Жизнеописания наиболее знаменитых живописцев, ваятелей и зодчих
Шрифт:
Вскоре после этого, поразмыслив о том, что витражное искусство далеко не вечно, так как работы подобного рода постоянно портятся, у него возникло желание заняться живописью. И потому он взял заказ у попечителей этого епископства расписать фресками три огромнейших свода, полагая, что оставит этим по себе память. Аретинцы же в награду подарили ему для прожития именье с очень хорошими постройками, принадлежавшее раньше братству Санта Мариа делла Мизерикордиа и расположенное неподалеку от города, и постановили по окончании названной работы произвести ее оценку каким-либо уважаемым художником, чтобы попечители с ним должным образом за все расплатились. И потому собрался он с духом показать себя в этом наподобие того, что Микеланджело сделал в капелле, и начал писать фигуры огромнейшего роста. И желание добиться в этом искусстве превосходства охватило его с такой силой, что, хотя было ему уже пятьдесят лет, он стал писать с каждой вещью все лучше и лучше, показав, что знает и понимает, что такое красота, а не только забавляется тем, что подражает хорошим образцам. Он изобразил там также и начальные сцены Нового Завета, подобно тому как раньше на трех больших сводах он изобразил начало Ветхого Завета, и потому мне хочется думать, что всякий талант, стремящийся достичь совершенства, может (если только он не пожалеет трудов) дойти до пределов, положенных каждой
Правда, работа эта сначала его испугала как своими размерами, так и потому, что раньше он таких вещей не делал, что и заставило его вызвать из Рима мастера Иоанна, французского миниатюриста, который, приехав в Ареццо, под руководством приора очень тщательно расписал фреской одну из верхних люнет в церкви Сант Антонио, изобразив там Христа, а для того же сообщества — хоругвь, которую носят в процессиях. И то и другое было исполнено им с большим старанием. В это же самое время приор сделал глазок в церкви Сан Франческо на ее переднем фасаде. В этой большой работе он изобразил папу в консистории и собрание кардиналов, куда св. Франциск приносит в январе розы, отправившись в Рим для утверждения устава; он показал в ней большое понимание композиции, ибо поистине можно сказать, что для этого он был и создан, и пусть ни один художник и не помышляет о том, чтобы с ним сравниться в обилии изображенных им фигур или в изяществе их исполнения.
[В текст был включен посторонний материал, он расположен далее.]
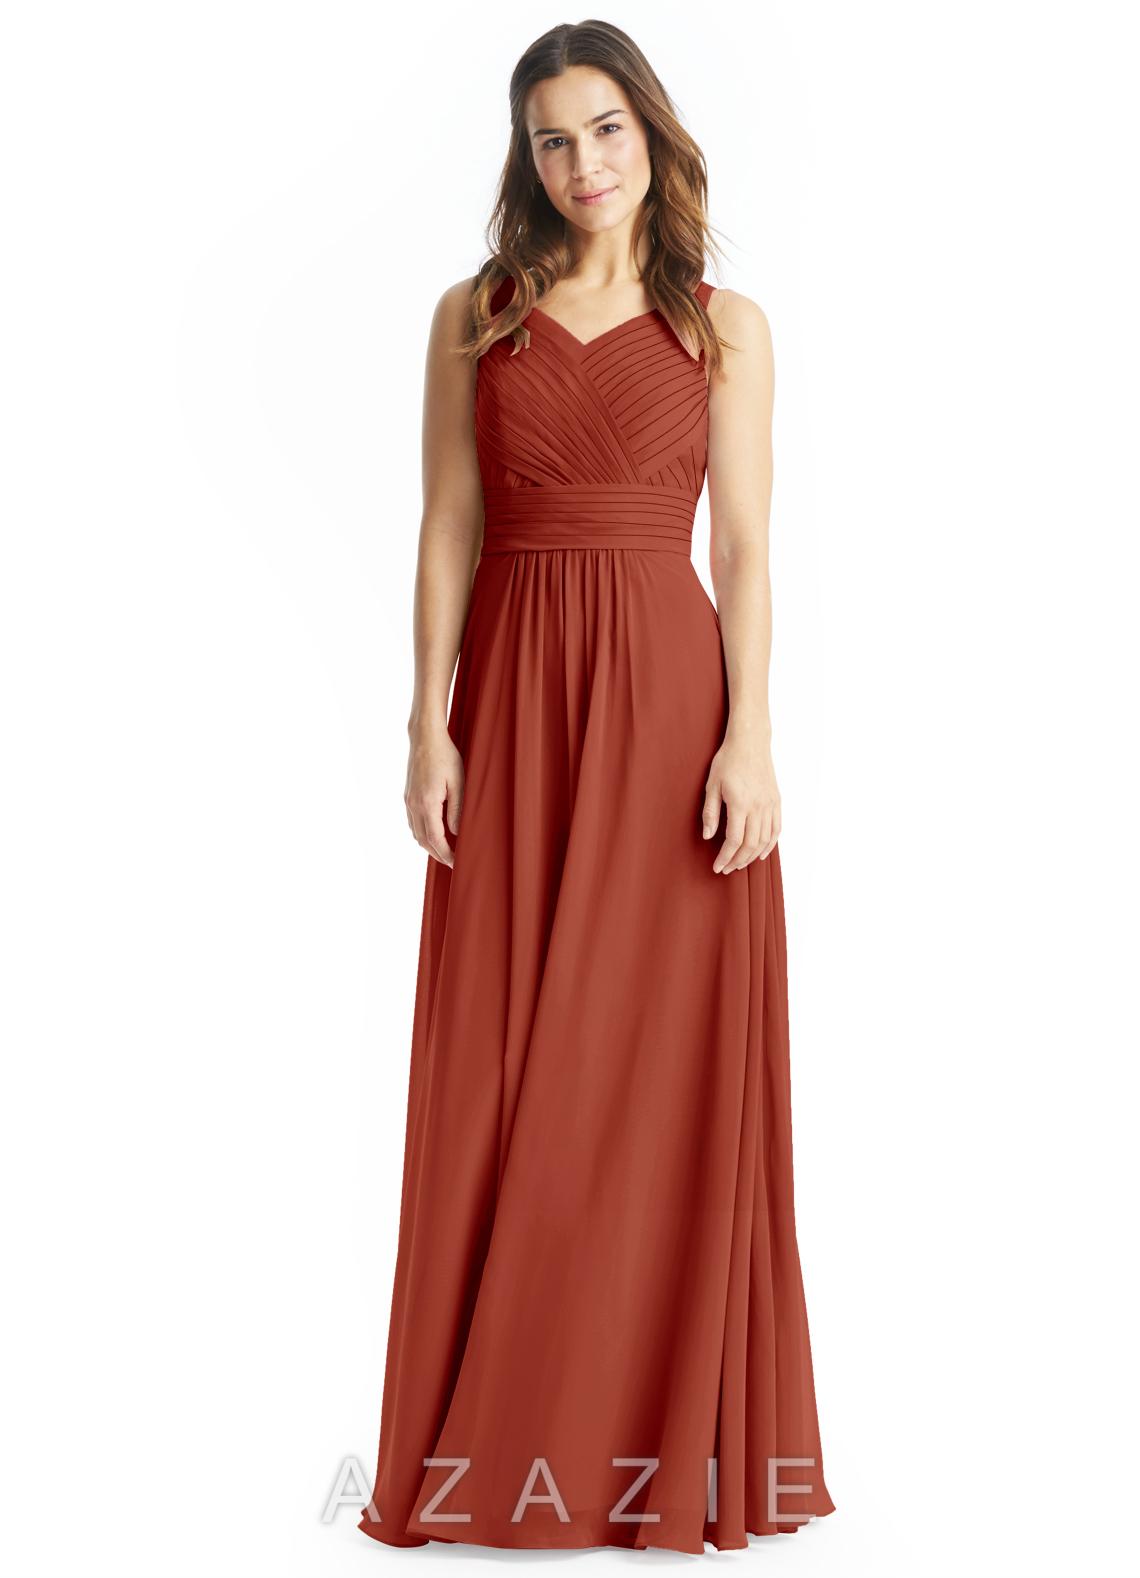 22b62202ef2 Azazie Pierrette Bridesmaid Dress - Rust
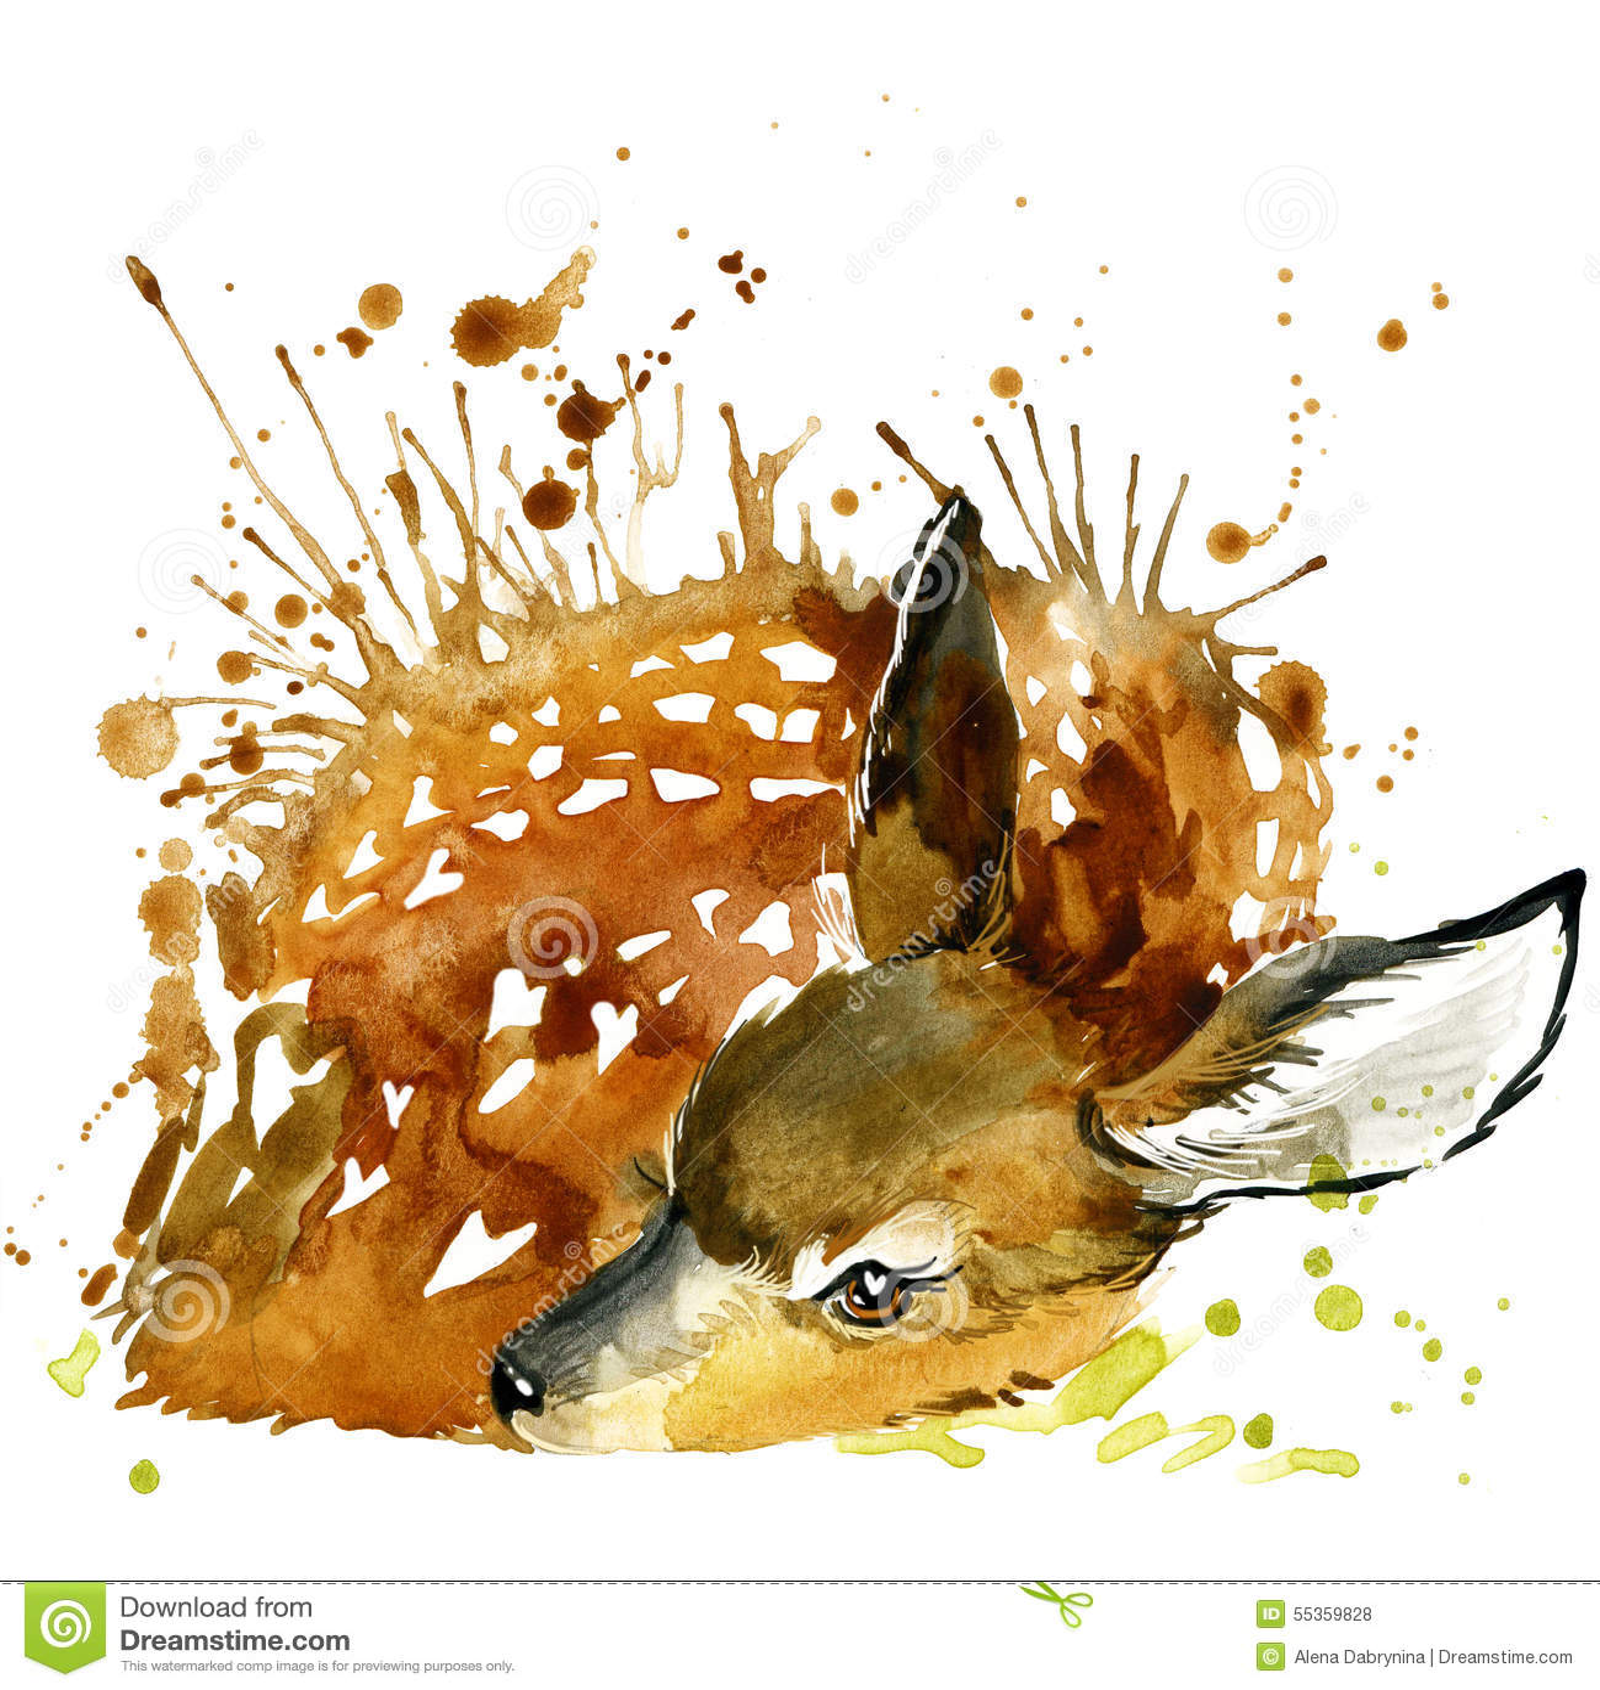 Deer T-shirt graphics, deer illustration with splash watercolor textured background.

Для этого же города им было выполнено бесчисленное множество прекраснейших витражей, как то: в церкви Мадонна делле Лагриме большой глазок с Успением Богоматери и апостолами, другой прекраснейший витраж с Благовещением, глазок с Обручением и еще один со св. Иеронимом для шпажных мастеров. Равным образом и в нижней церкви еще три окна, а в церкви Сан Джироламо очень красивый глазок с Рождеством Христовым, и еще один в церкви Сан Рокко.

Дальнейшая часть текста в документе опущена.